# Ariens throttle control knob to ON position when starting some models (only)



## Snowzer (Oct 14, 2015)

My new Ariens Deluxe Model 921024 did not start right up this morning (and I had it in a heated garage). I went for the manual to make sure I was following every starting instruction to the letter. I noticed that the instructions stipulate that on Models 921032 and 921044 Only: Turn throttle control knob to run position. Well since I was sure that I had followed all steps correctly I thought I would experiment with that and the run position seemed to do the trick (Although I have a model 921024). Notice I said "seemed" to do the trick because I will add that I smelled gasoline despite priming 3 pumps after the first try. I know the manual recommends 3 pumps for a cold engine but I wonder if mine would qualify as a cold engine in a heated garage. It was cold in the sense that it had not been started for 3 weeks but otherwise it is stored at around 60DegF.

So all that being said I have two questions.

1) If I smell gasoline does that necessarily mean I have flooded the carb?

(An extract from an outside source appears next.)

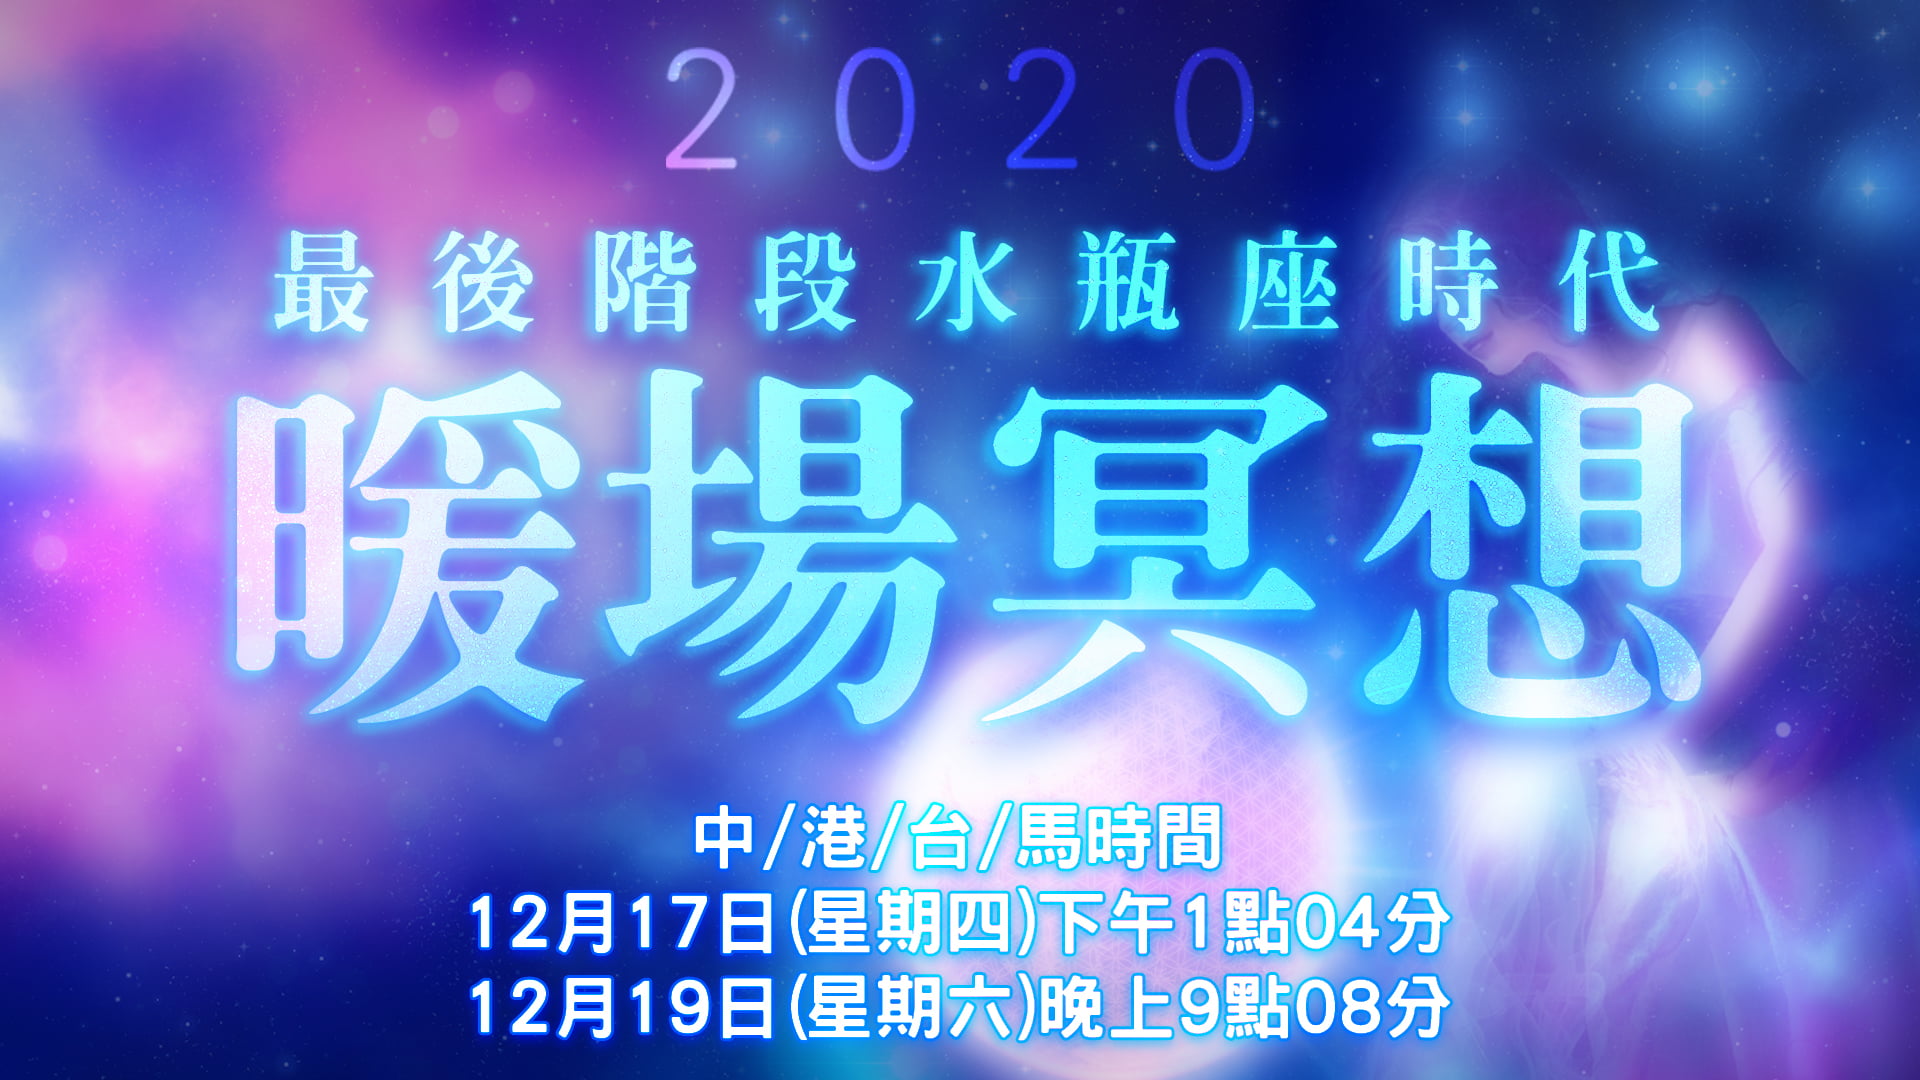 最後階段水瓶座時代暖場冥想2020年12月17日(四)下午13:04、12月19日(六)晚上21:08 全球同步進行

2) Does anyone understand why Models 921032 and 921044 (Only) require the throttle control to be set to run before starting?

I am also thinking that perhaps the wait time between starts while I went upstairs to get the manual could have dried up any excess gas which allowed it to start in the end.


----------



## ELaw (Feb 4, 2015)

Snowzer said:


> If I smell gasoline does that necessarily mean I have flooded the carb?


Absolutely not! I keep mine in a heated (somewhat) garage too, and usually prime twice for a cold start. Smelling a little gas or seeing a small amount drip out of the carb after priming is commonplace and not necessarily a problem. If the smell is making you gag or there's a puddle of gas under the engine, that could be a different story.



Snowzer said:


> 2) Does anyone understand why Models 921032 and 921044 (Only) require the throttle control to be set to run before starting?


I sure don't!

I haven't paid much attention to the starting instructions but did notice in the manual for my ST1032 that it calls for the throttle to be in different positions during storage depending on model - they say it reduces the risk of the linkage freezing. On some models you're supposed to store it at idle position, on others in the "fast" position. Very strange.

On mine I generally try to start it with the speed control advanced just enough to open the throttle (meaning the throttle plate on the carb) about 1/3. I figure that will bring the governor into play to keep it from stalling, but with as low an RPM as possible so some oil can get around the motor before putting it under a high load.


----------



## Zedhead (Jan 1, 2016)

I can usually get away with 1-2 pushes of the primer when the engine is warm


----------



## Town (Jan 31, 2015)

The LCT manual that came with my machine says to use full throttle (run position) and full choke and 3 primes maximum for starting. That works fine for me in the cold. When the engine has run for a while and stopped for a short time it needs some choke to fire-up. 

The current 921024 is a 254cc engine while the 921032 and 921044 use the 306cc engine. The Ariens owner manual for these current models says that the 921032 and 921044 have a grey throttle control ring on the outside of the red choke control while the 921024 only has the choke and does not have the throttle control. So the 921024 is set to full throttle all the time. 

So you just don't have an adjustable throttle control, your engine is always set to full throttle. That's all you need anyway.

Hope this helps and good luck.


----------



## Snowzer (Oct 14, 2015)

Town said:


> The LCT manual that came with my machine says to use full throttle (run position) and full choke and 3 primes maximum for starting. That works fine for me in the cold. When the engine has run for a while and stopped for a short time it needs some choke to fire-up.
> 
> The current 921024 is a 254cc engine while the 921032 and 921044 use the 306cc engine. The Ariens owner manual for these current models says that the 921032 and 921044 have a grey throttle control ring on the outside of the red choke control while the 921024 only has the choke and does not have the throttle control. So the 921024 is set to full throttle all the time.
> 
> ...


I do have the throttle control ring on the outside of the choke control.


----------



## LET-UT (Jan 5, 2016)

I've got the 254cc engine on my 28" Deluxe and always hit the primer bulb 3 times when first starting it up. In my opinion, (which is highly suspect...), "Cold Start" isn't referring to the temperature of your storage, as much as "has the engine been running in the last 15 minutes?"


----------



## GoBlowSnow (Sep 4, 2015)

Exactly. I always have to hit the primer once or twice and add a little choke when re-starting the engine after it has been off for a few minutes. I don't like the choke & engine speed knobs being on top of one another but it is what it is.


----------